In pg 559 of HFEJB it says that when a client calls remove() on a bean that has already been removed, the client will get a EJBException or RemoteException.I was wondering why it is not NoSuchObjectException/NoSuchObjectLocalException. Isn't that the exception thrown when you try to invoke a business method on a bean that has already been removed??

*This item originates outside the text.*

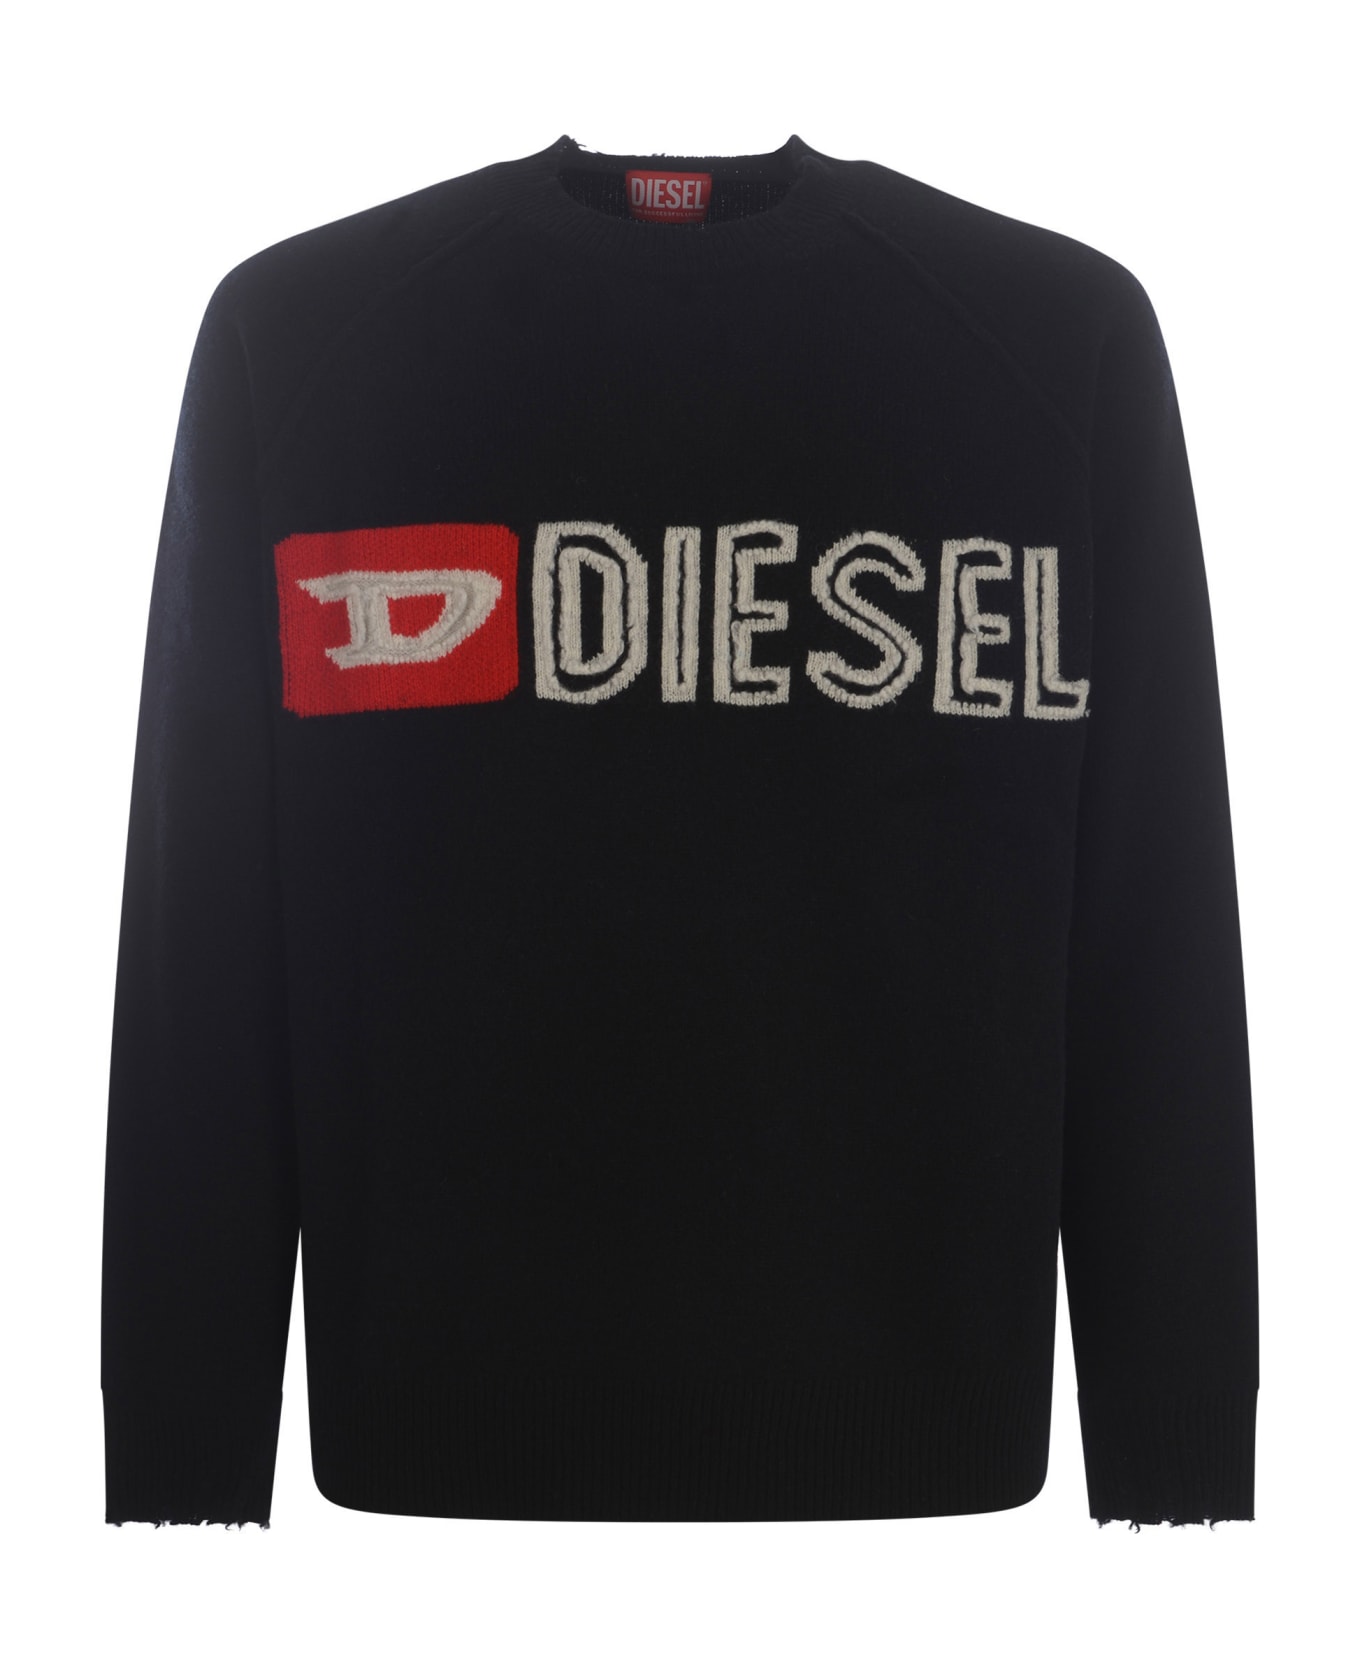 Diesel Sweater - Black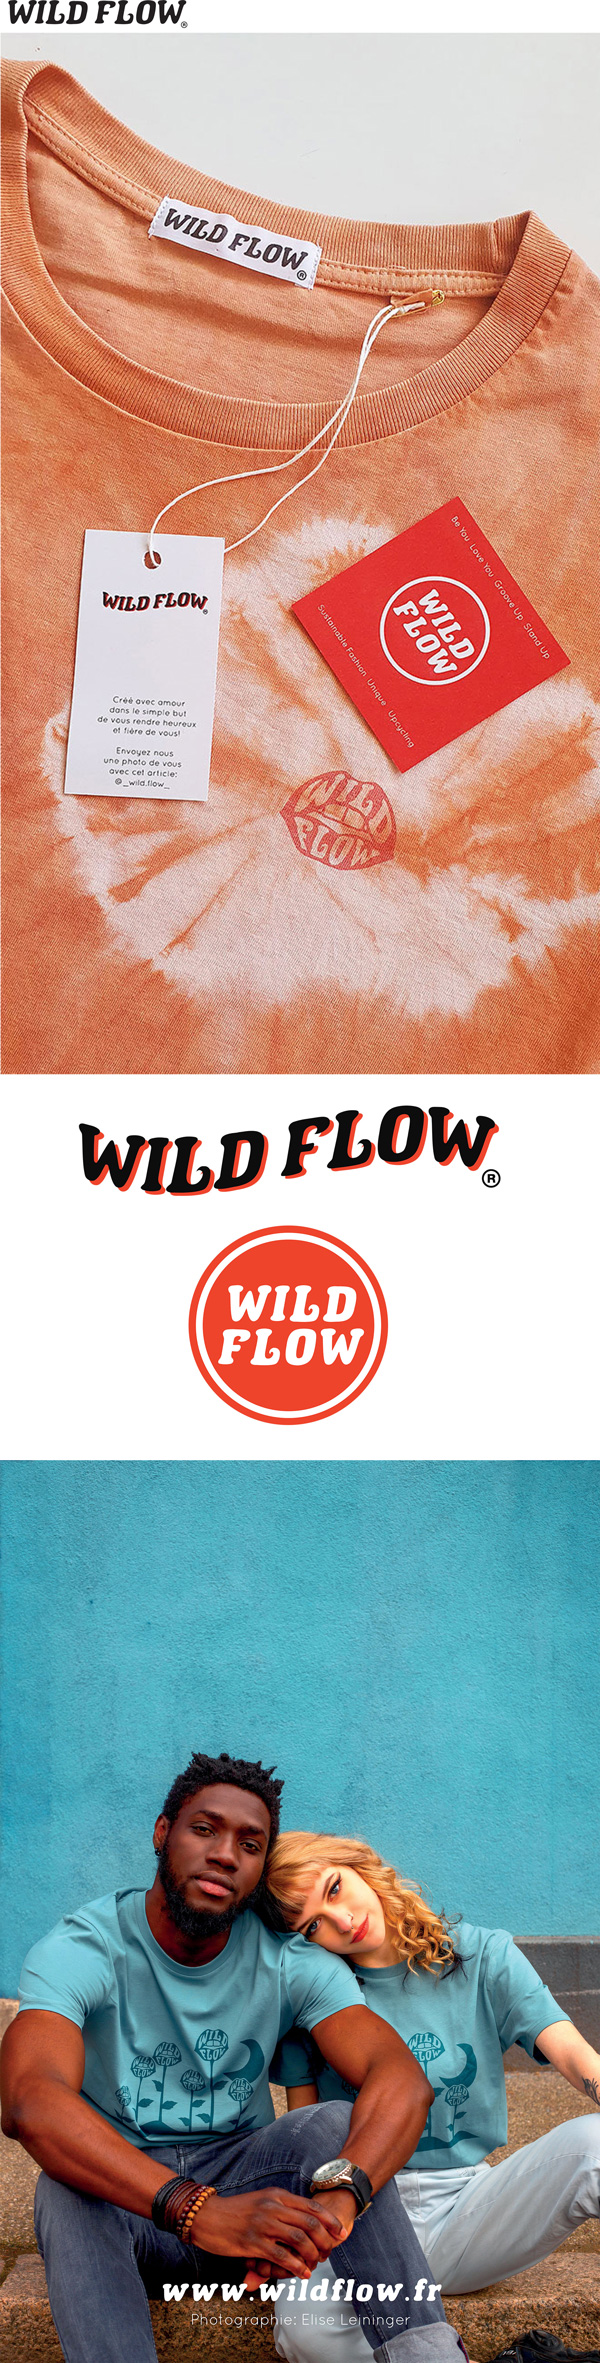 WILD-FLOW-identité-web

you are right, but RemoteException and EJBException are more general forms of the specific exceptions and the container might throw them without violating the spec. In the exam, if you are not given the more specific option, you should choose the general one and if they ask you to select 2 answers, you can select both the superclass and the subclass
NoSuchObjectException Is-A RemoteException, NoSuchObjectLocalException IS-A EJBException. These subclasses should (recommended but not mandated by the EJB spec) be thrown by the Container to give the client a better indication of the cause of the error.

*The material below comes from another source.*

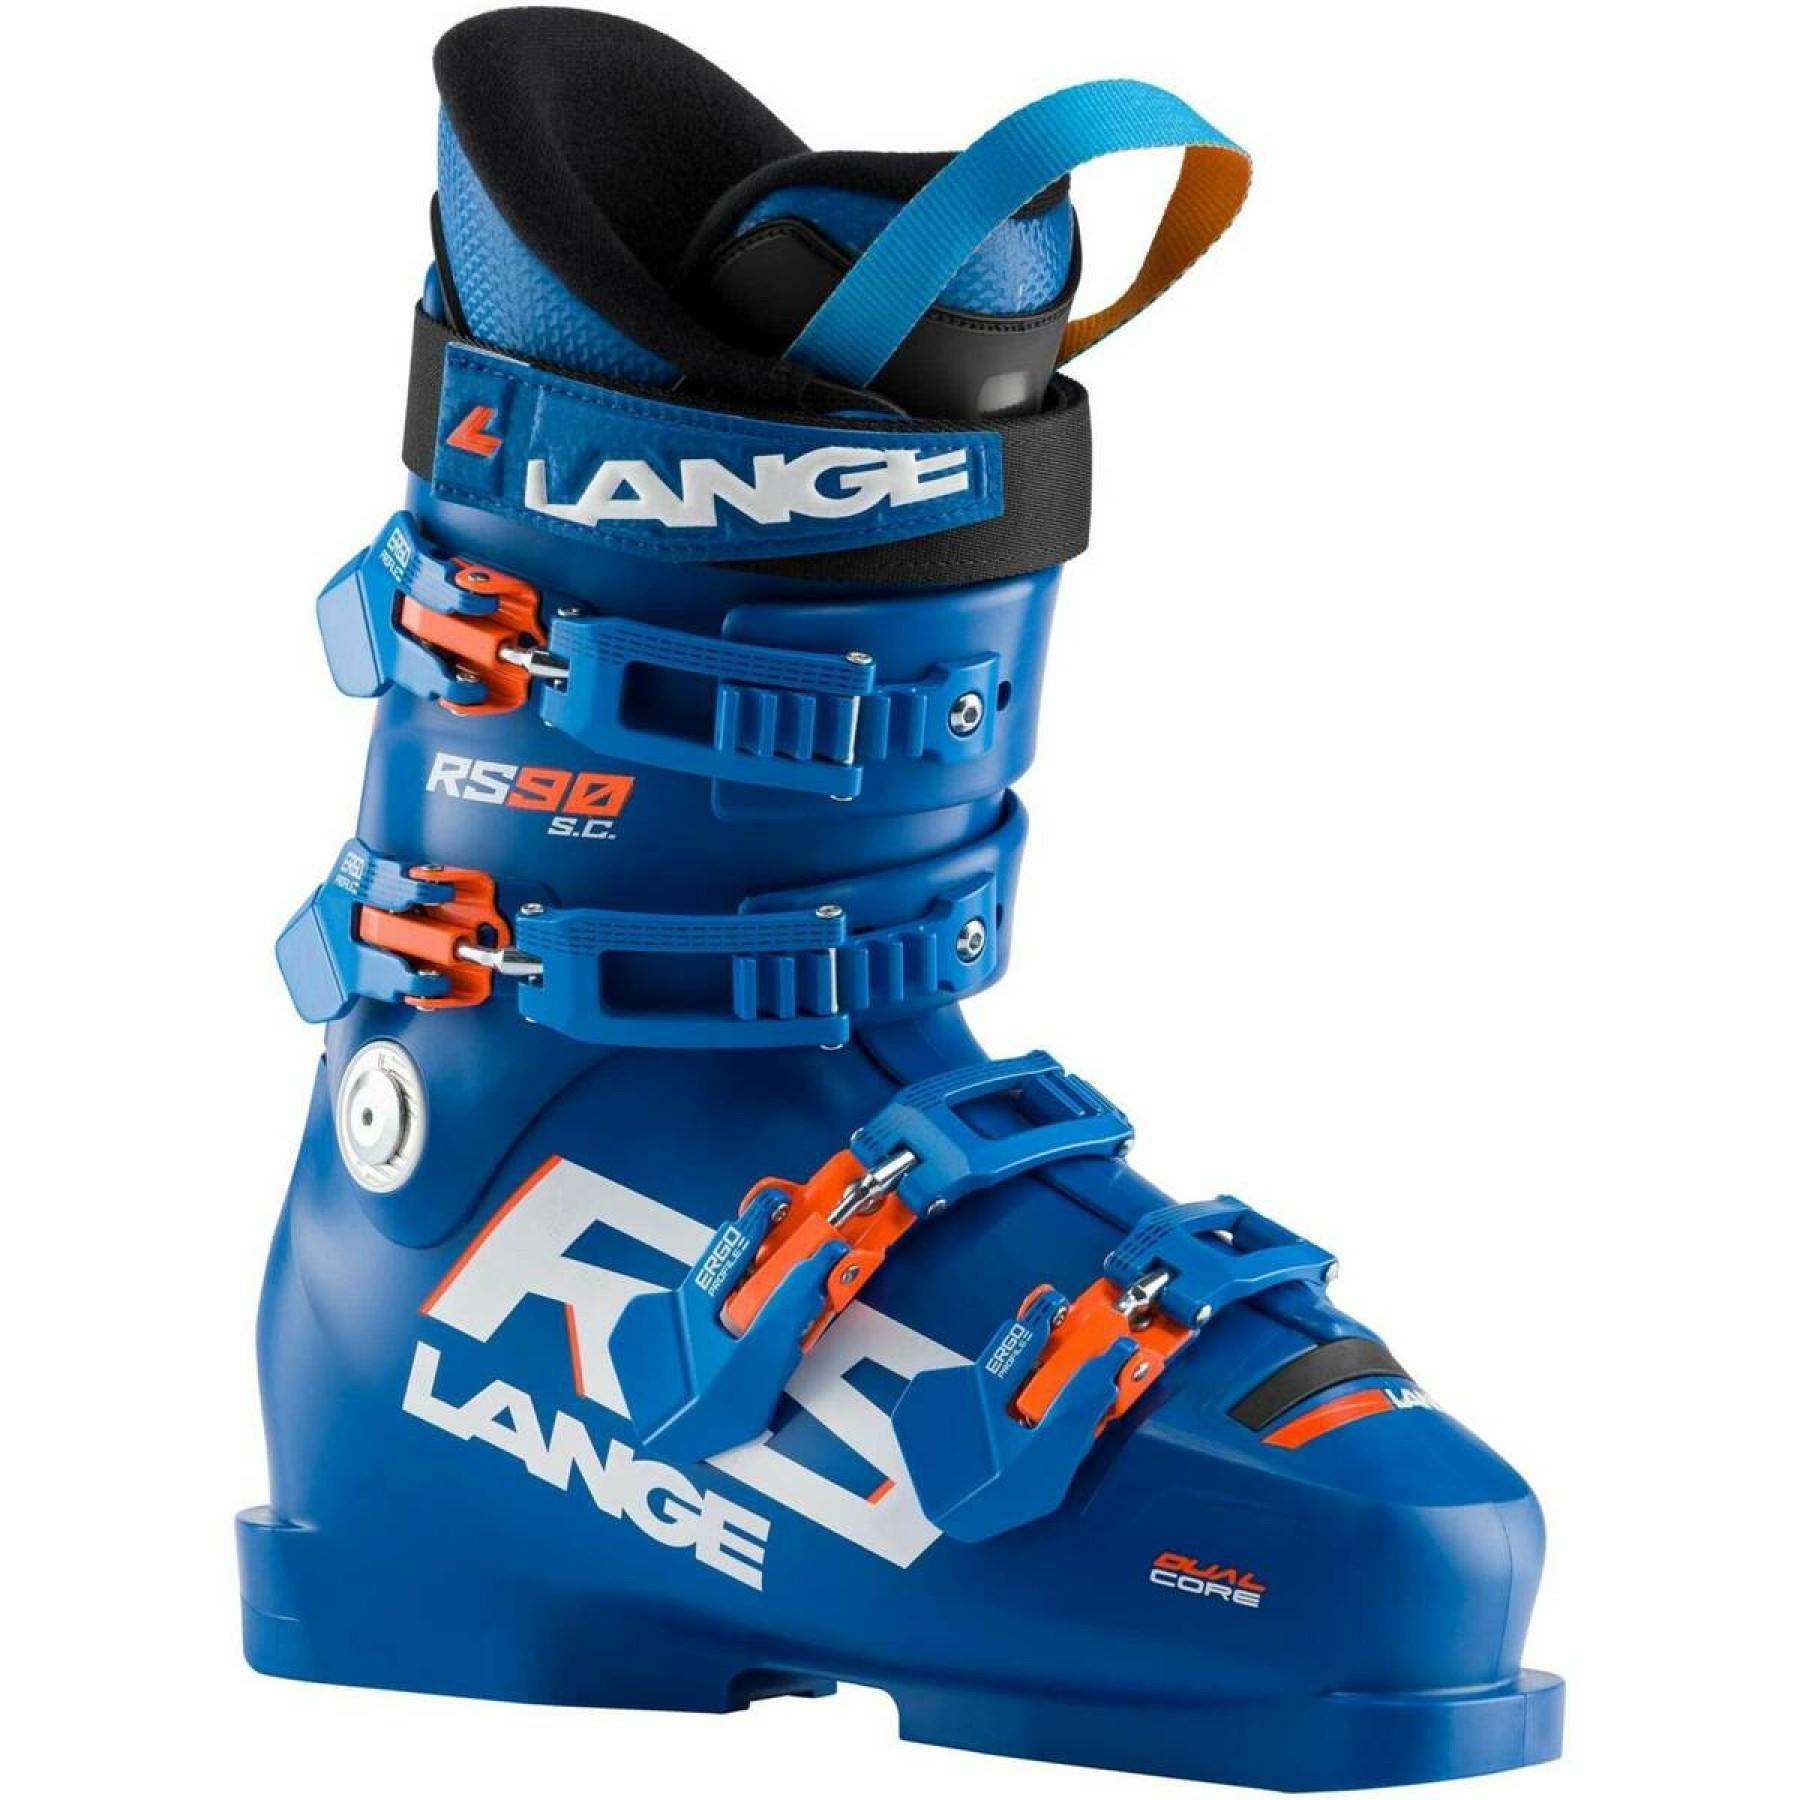 Zapatillas de esquí niños Lange rs 90 s.c.

I agree that RemoteException and EJBException are the more general forms of NoSuchObjectException and NoSuchObjectLocalException, so it's technically correct that the client gets a RemoteException when thrown a NoSuchObjectExeption, for example. I'm not sure if HFEJB meant this as a trick question, or if it was just careless.
I don't agree that the spec allows a container to throw the more general form of the exceptions though. The spec is fairly clear that the container throws the more specific form. Compare that to DuplicateKeyException, where the spec says, "The container may, but is not required to, throw the DuplicateKeyException" . With NoSuchObject(Local)Exception the language is always "should", "does", or "must", with no indication that the superclasses are an acceptable substitute.

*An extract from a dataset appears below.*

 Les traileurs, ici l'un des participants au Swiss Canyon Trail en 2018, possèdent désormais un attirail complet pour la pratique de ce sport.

I'm referring to the EJB 2.0 Final Release Specification.
posted 14 years ago
If the spec says "should" (which it does for these exceptions), then surely it is optional. It's a recommendation, but it doesn't have to be followed.
The only time that something is mandatory is when the spec uses words like "must" or "required".
When the client calls remove on the home or component interface to remove the session object, the container issues ejbRemove() on the bean instance. This ends the life of the session bean instance and the associated session object. Any subsequent attempt by its client to invoke the session object causes the java.rmi.NoSuchObjectException to be thrown if the client is a remote client, or the javax.ejb.NoSuchObjectLocalException if the client is a local client.
P. 114 for Entity Beans
After an entity object has been removed, subsequent attempts to access the entity object by a remote client result in the java.rmi.NoSuchObjectException.
P. 132 also for Entity Beans
The Container must detect any subsequent attempt to invoke an accessor method on the removed entity object and throw the java.rmi.NoSuchObjectException if the client is a remote client or the javax.ejb.NoSuchObjectLocalException if the client is a local client.
In one or two other places, you're right though. It says "should" in place of "will" or "must". It's not the most clearly written specification. However, on this point, I can't see the container taking that shortcut. It almost certainly violates the spec, and really doesn't save any effort for the container implementer.
posted 14 years ago
Ah, I was looking in the wrong place, which is this.
18.3.5 Non-existing session object
If a client makes a call to a session object that has been removed, the Container should throw the java.rmi.NoSuchObjectException (which is a subclass of java.rmi.RemoteException) to a remote client, or the javax.ejb.NoSuchObjectLocalException to a local client.
Anyway, maybe it's a useful mistake to have made as I've dug up something which not many people know about!